Será que a convicção de Descartes e de todos aqueles que, no decorrer dos tempos, defenderam que são necessários dois princípios de natureza diferente para a compreensão da realidade continua inexpugnável? Parece ser esta a questão que, não obstante, o maravilhoso progresso da ciência e da tecnologia, permanece de pé e a razão de António Damásio não parece ser suficiente para a dirimir. Esta mesma constatação é ainda mais gritante quando Damásio aborda o nascimento do eu e a emergência da consciência.


Nascimento do eu e a emergência da consciência.

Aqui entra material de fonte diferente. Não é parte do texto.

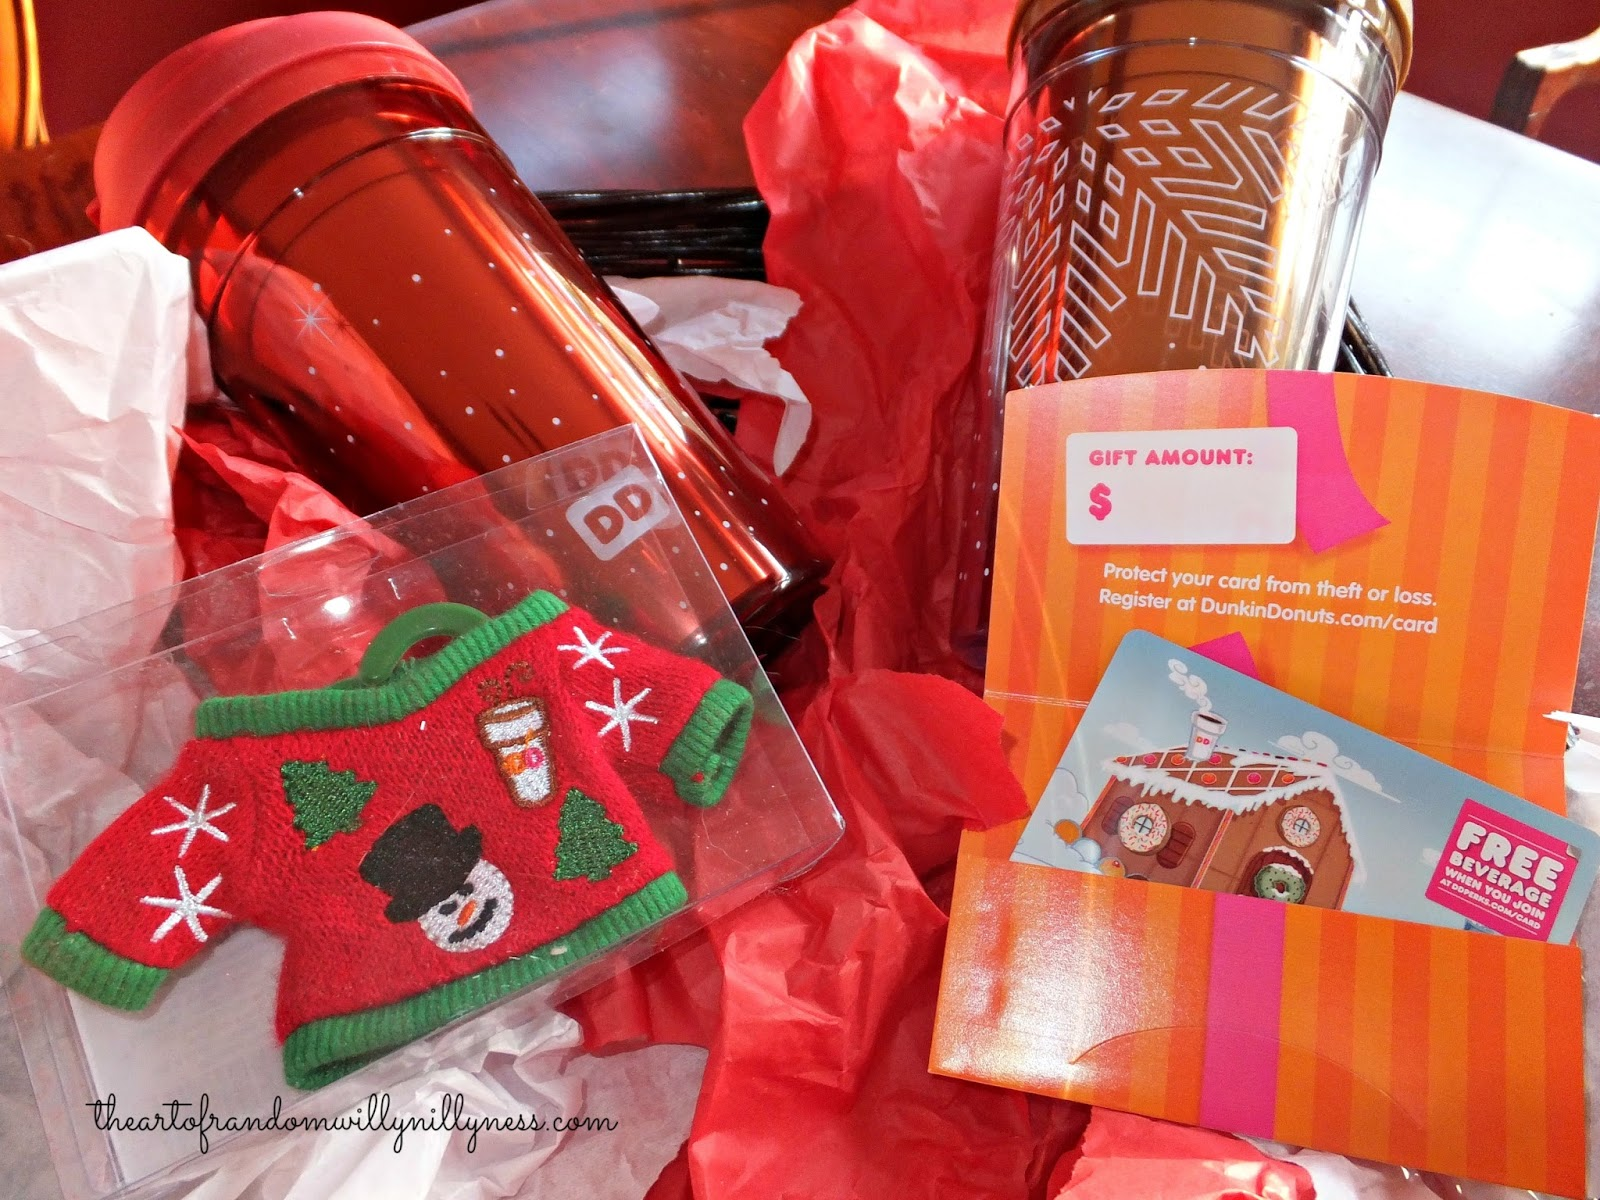 Dunkin Donuts Holiday Travel Mugs
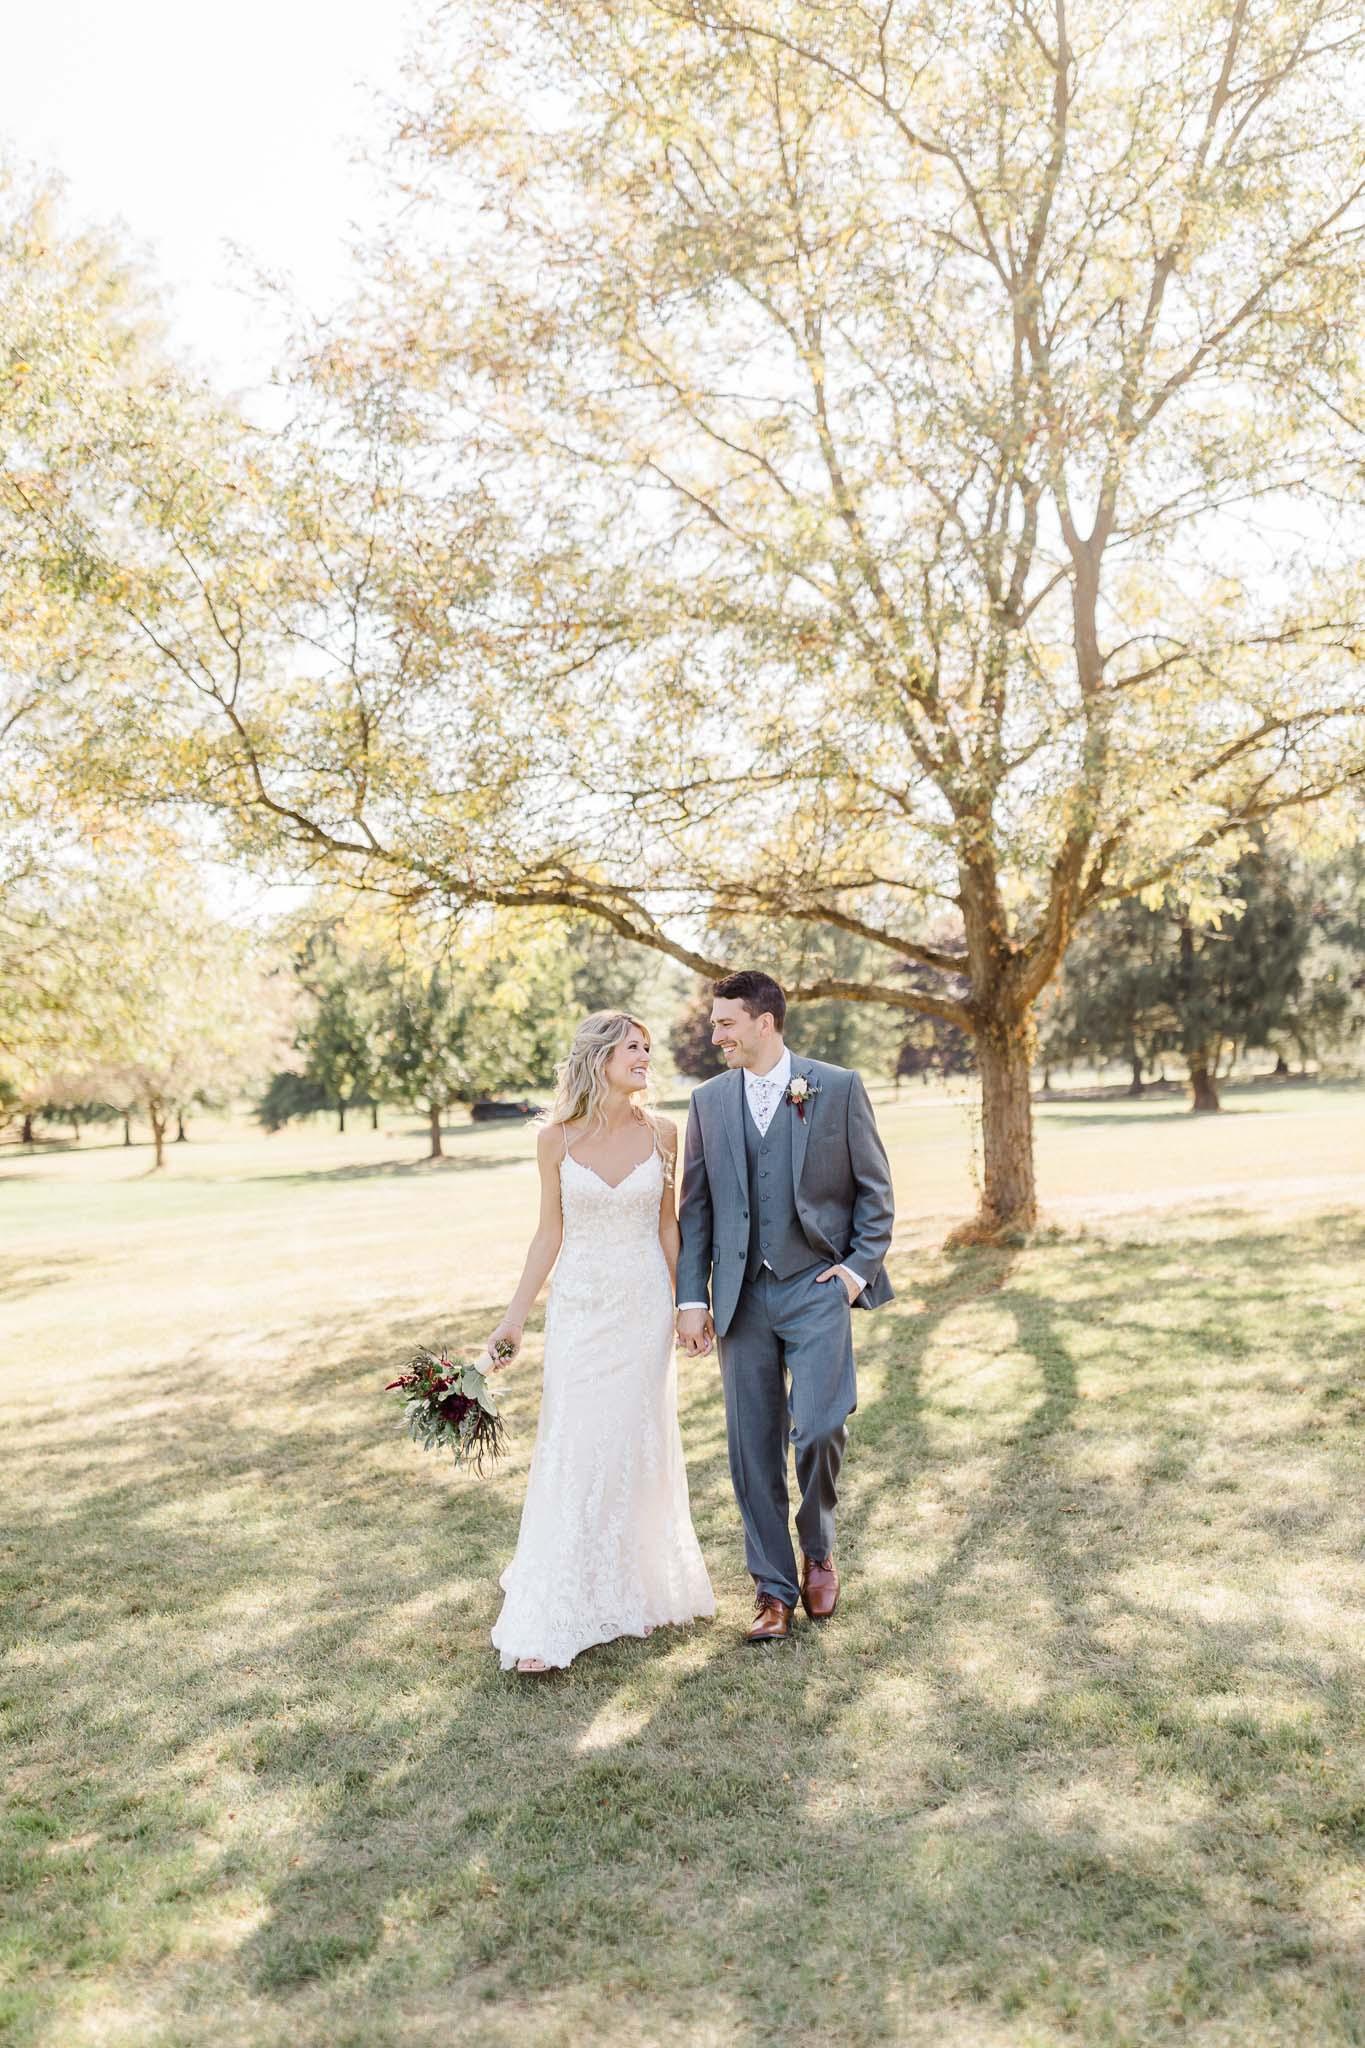 Frosty-Valley-September-Wedding-7660.jpg

Este passo na tese evolutiva defendida por António Damásio é ainda muito mais problemático e complicado embora tudo seja apresentado de uma forma extremamente simples. Aos meus olhos, Damásio defende que quando a mente é assumida por um eu, na sua dimensão subjectiva e objectiva, inspirando-se em William James, torna-se consciente. Ou seja, nesse mesmo momento, emerge a consciência que irá depois fazer o seu caminho, da proto-consciência à consciência auto-biográfica ancorada na consciência nuclear. Damásio procura basear a sua explicação no princípio evolutivo da matéria mas, na verdade, ficamos sem saber como, de repente ou no decurso de milhares de milhões de anos, aparece esse eu como dono e senhor do processo, que toma decisão nos mapeamentos das imagens do cérebro e das percepções, representações e memórias da mente e as torna conscientes, as conceptualiza e as transforma em raciocínios. Sabemos, de há muito, que o eu enquanto sujeito de conhecimento toma toda a iniciativa através do seu próprio corpo e, especialmente, do cérebro e todos os seus mecanismos cognitivos ao nível sensorial e do entendimento, mapeando através padrões neurais, redes de imagens, de sensações, percepções, ideias o seu mundo interior e exterior que lhe chega da realidade corporal interna e externa das mais variadas formas e através de diversos estímulos. Ou seja, o eu, com todo o equipamento que lhe é fornecido pelo corpo que integra naturalmente toda a arquitectura e funcionamento do sistema nervoso central e periférico e a mente, a sua dimensão espiritual, toma toda a iniciativa na acção de conhecer os objectos, os acontecimentos e as relações que lhe são presentes através dos mais diversos estímulos que, de certa forma, como luzeiros, assinalam a vinda à presença de tudo o que é real. Damásio, na verdade, não admite esta dupla realidade corporal e espiritual mas apenas um contínuo, produto da simples evolução que é susceptível de atingir níveis de complexificação e organização mais ou menos perfeitos como mente, como eu e como consciência proto, nuclear e autobiográfica.
Pessoalmente, tendo em conta a realidade tal como vai sendo conhecida, na direção do imensamente grande, do imensamente pequeno e do imensamente consciente, sinto-me, apesar de tudo, não obstante também manter um certo optimismo diante do progresso científico e tecnológico a que estamos a assistir e no qual, de algum modo, participamos, mais confortado admitindo, ainda que provisoriamente como Descartes, a crença de que alguém num certo momento do processo evolutivo ou outro tomou a iniciativa e criou as mais variadas e misteriosas formas de realidade actual ou possível e não deixou isso ao simples acaso ou das leis da evolução. Pessoalmente, não receio em assumir também esta possibilidade que, não obstante, o maravilhoso progresso científico permanece como uma explicação não menos consistente que as outras embora infinitamente misteriosa e não demonstrável por processos meramente científicos e tecnológicos ou simplesmente racionais. É isso o que iremos tentar explicitar um pouco mais abordando um tema que nos é caro, a seguir: a imanência e a transcendência.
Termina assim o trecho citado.